Laura Michet's Blog

The Waters of March

Just in time for actual March, we've gotten obsessed with this bilingual cover of the Brazilian song The Waters of March by Suzannah McCorkle:

We learned about this song because it, incredibly, plays over the end credits of Nirvanna The Band The Show The Movie, which ends on an insanely whimsical, depressing, and sensitive note for which the song provides an incredible pairing. It feels like both a perfect fit and an outrageous kind of whiplash.

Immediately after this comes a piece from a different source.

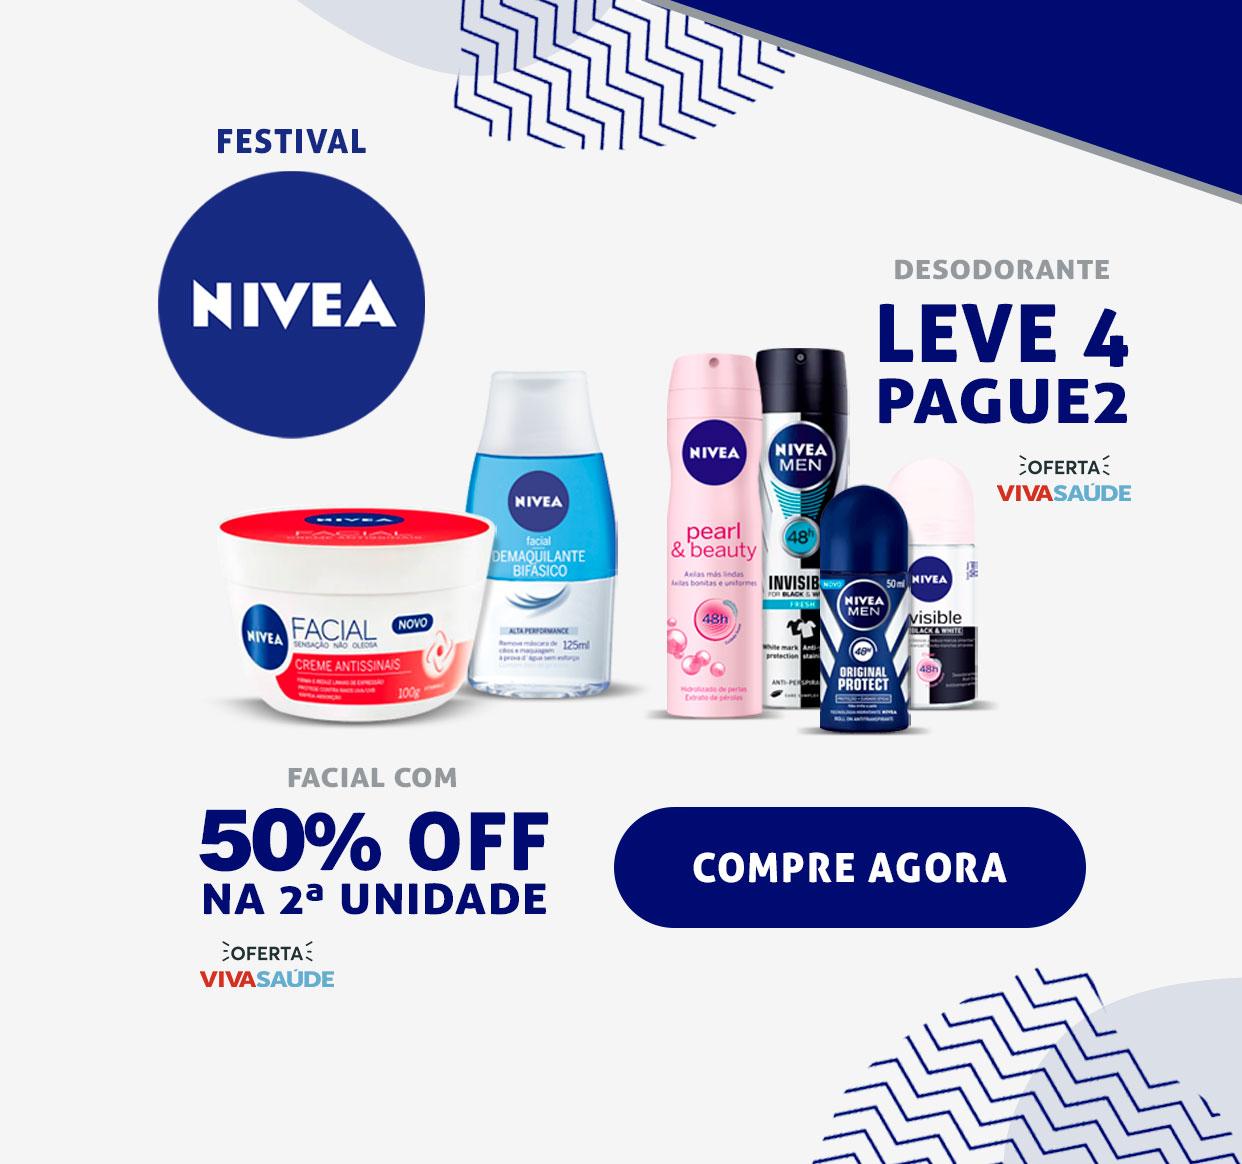 MOBILE Festival Nivea

The original, Águas de Março, is in Portuguese and also of course just insanely good. The duet above is nuts. A solo cover by Art Garfunkel popularized it in English, using the original English lyrics written by the song's composer, Antônio Carlos Jobim, who handled his own translation. I think the McCorkle version, which contains very significant rewrites, is sometimes much more poetically phrased than the original English. It retains most (but definitely, definitely not all) of its sense. In turn, the original English contains some but definitely not all the Brazilian references in the original Portuguese. It was a lot of fun to sit down with Youtube and follow the maze of all these different versions back through history.

The Garfunkel version was used well, apparently, in the 2021 movie The Worst Person in the World, which I haven't yet seen! But this interview on NPR reveals that Johnson and McCarrol actually chose the McCorkle version for a deeper cut - it was used in the 2002 documentary Comedian. The stuff they have to say about the song and that documentary in that interview is great. I recommend listening!